Publication year - 2003
Publication title -
scandinavian journal of immunology
Language(s) - English
Resource type - Journals
SCImago Journal Rank - 0.934
H-Index - 88
eISSN - 1365-3083
pISSN - 0300-9475
DOI - 10.1046/j.1365-3083.2003.01312.x
Subject(s) - antigenicity , antigen , in vitro , epitope , protein subunit , biology , interleukin 10 receptor, alpha subunit , chemistry , microbiology and biotechnology , immunology , g alpha subunit , biochemistry , gene
Subunit vaccines, based on one or more epitopes, offer advantages over whole vaccines in terms of safety but are less antigenic. We investigated whether fusion of the cytokine interleukin‐2 (IL‐2) to influenza‐derived subunit antigens could increase their antigenicity.

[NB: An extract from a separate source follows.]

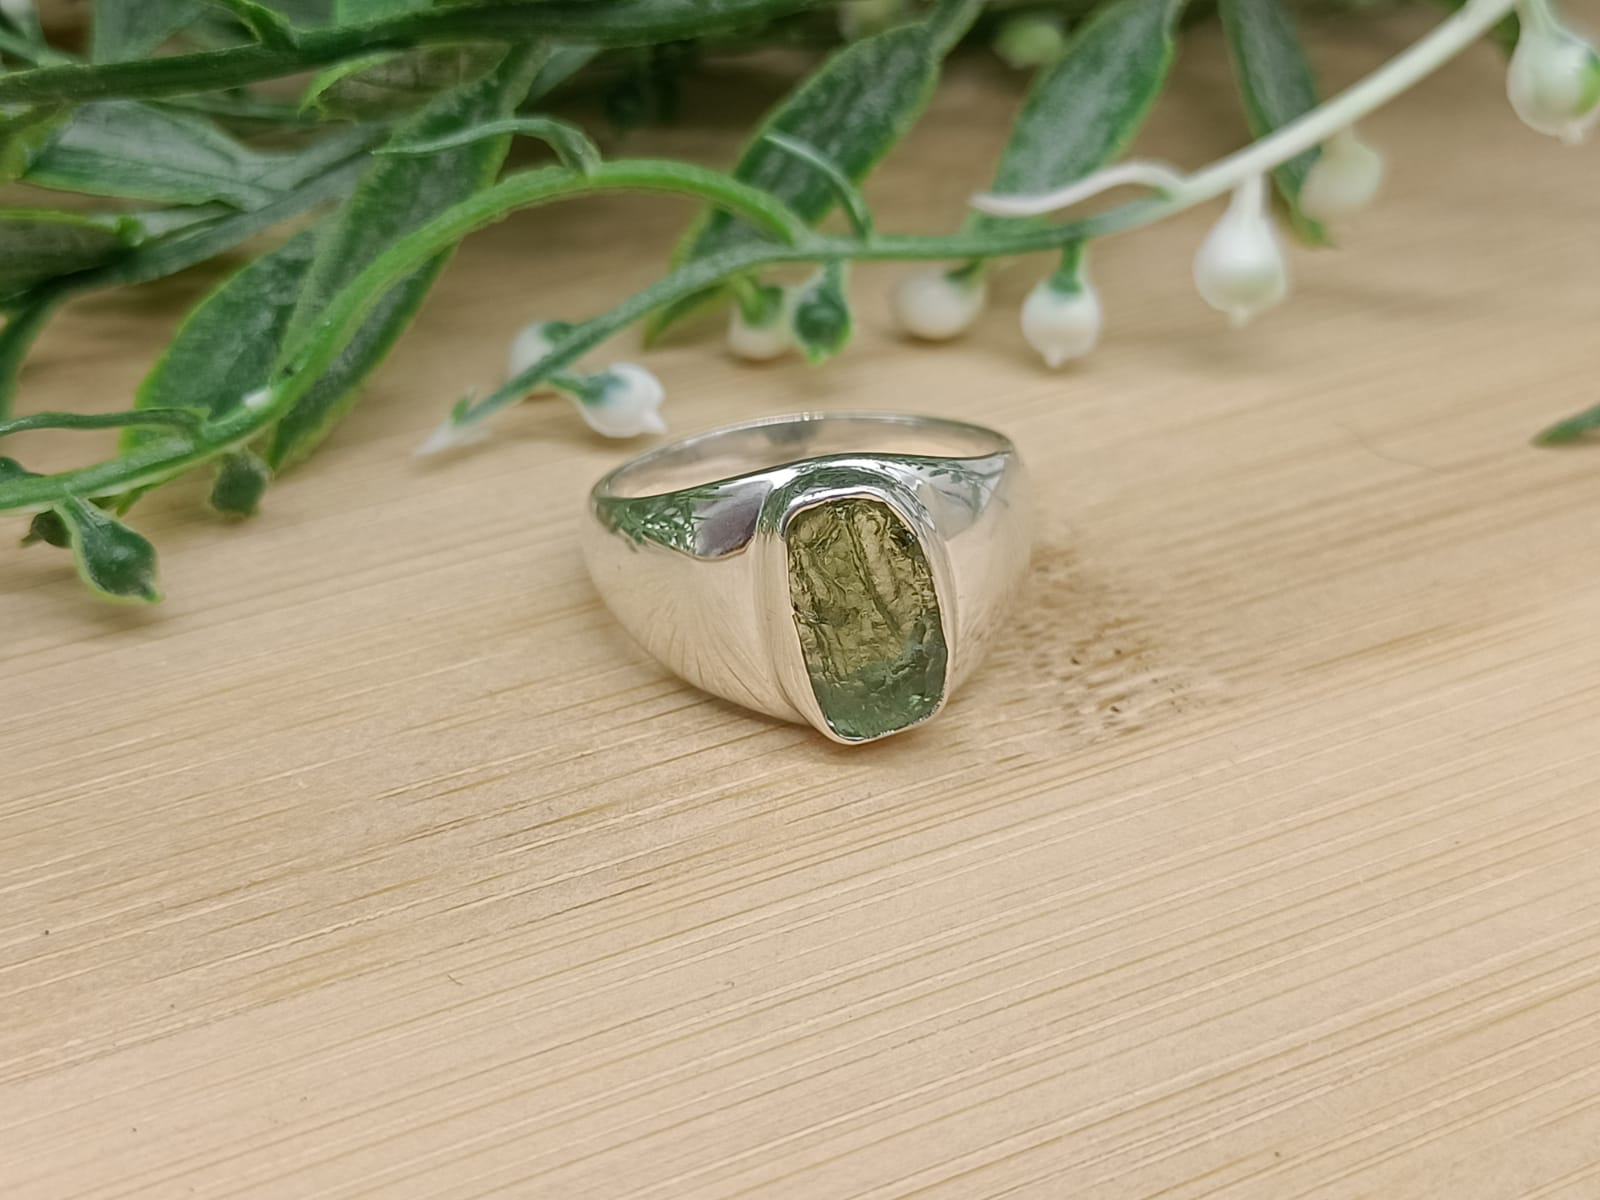 Authentic Moldavite Solid 925 Sterling Silver Ring Size 10 or T1/2 10x8mm Crystal Wellness
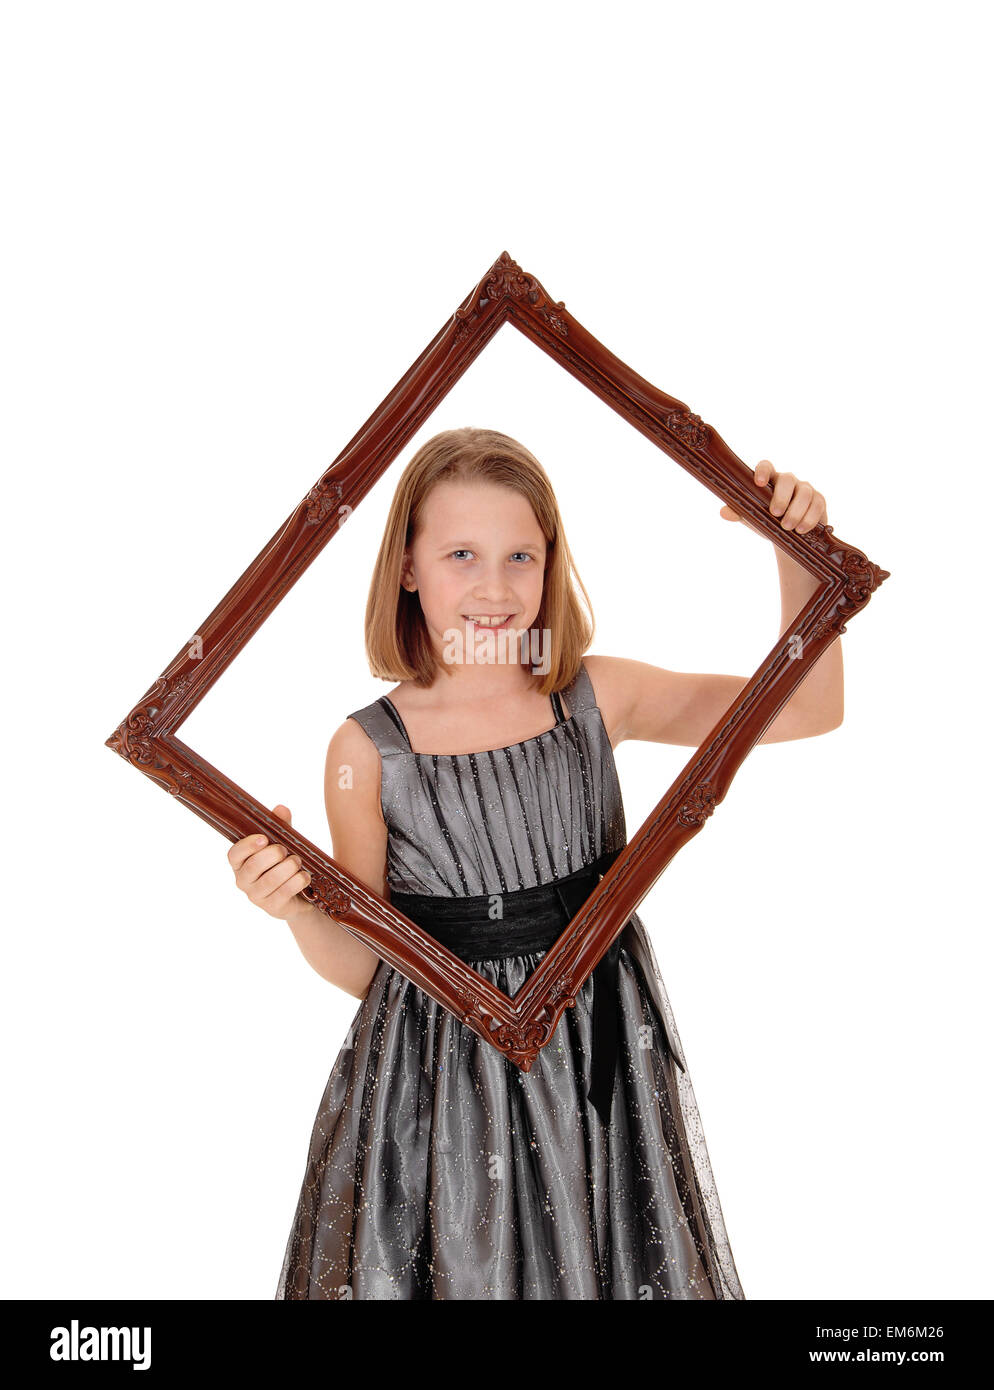 A lovely young girl in a grey dress holding a picture frame in front of her, isolated on white background. Stock Photo

The fusion of IL‐2 to the subunit antigens increased their antigenicity in vitro . Encapsulation of the subunit antigen in liposomes also increased its antigenicity in vitro , yet encapsulation of the subunit IL‐2 fusion did not. The use of anti‐IL‐2 receptor β (IL‐2Rβ) antibody to block the receptor subunit on macrophages suggested that the adjuvancy exerted by IL‐2 in our in vitro system is due to, at least in part, a previously unreported IL‐2Rβ‐mediated antigen uptake mechanism.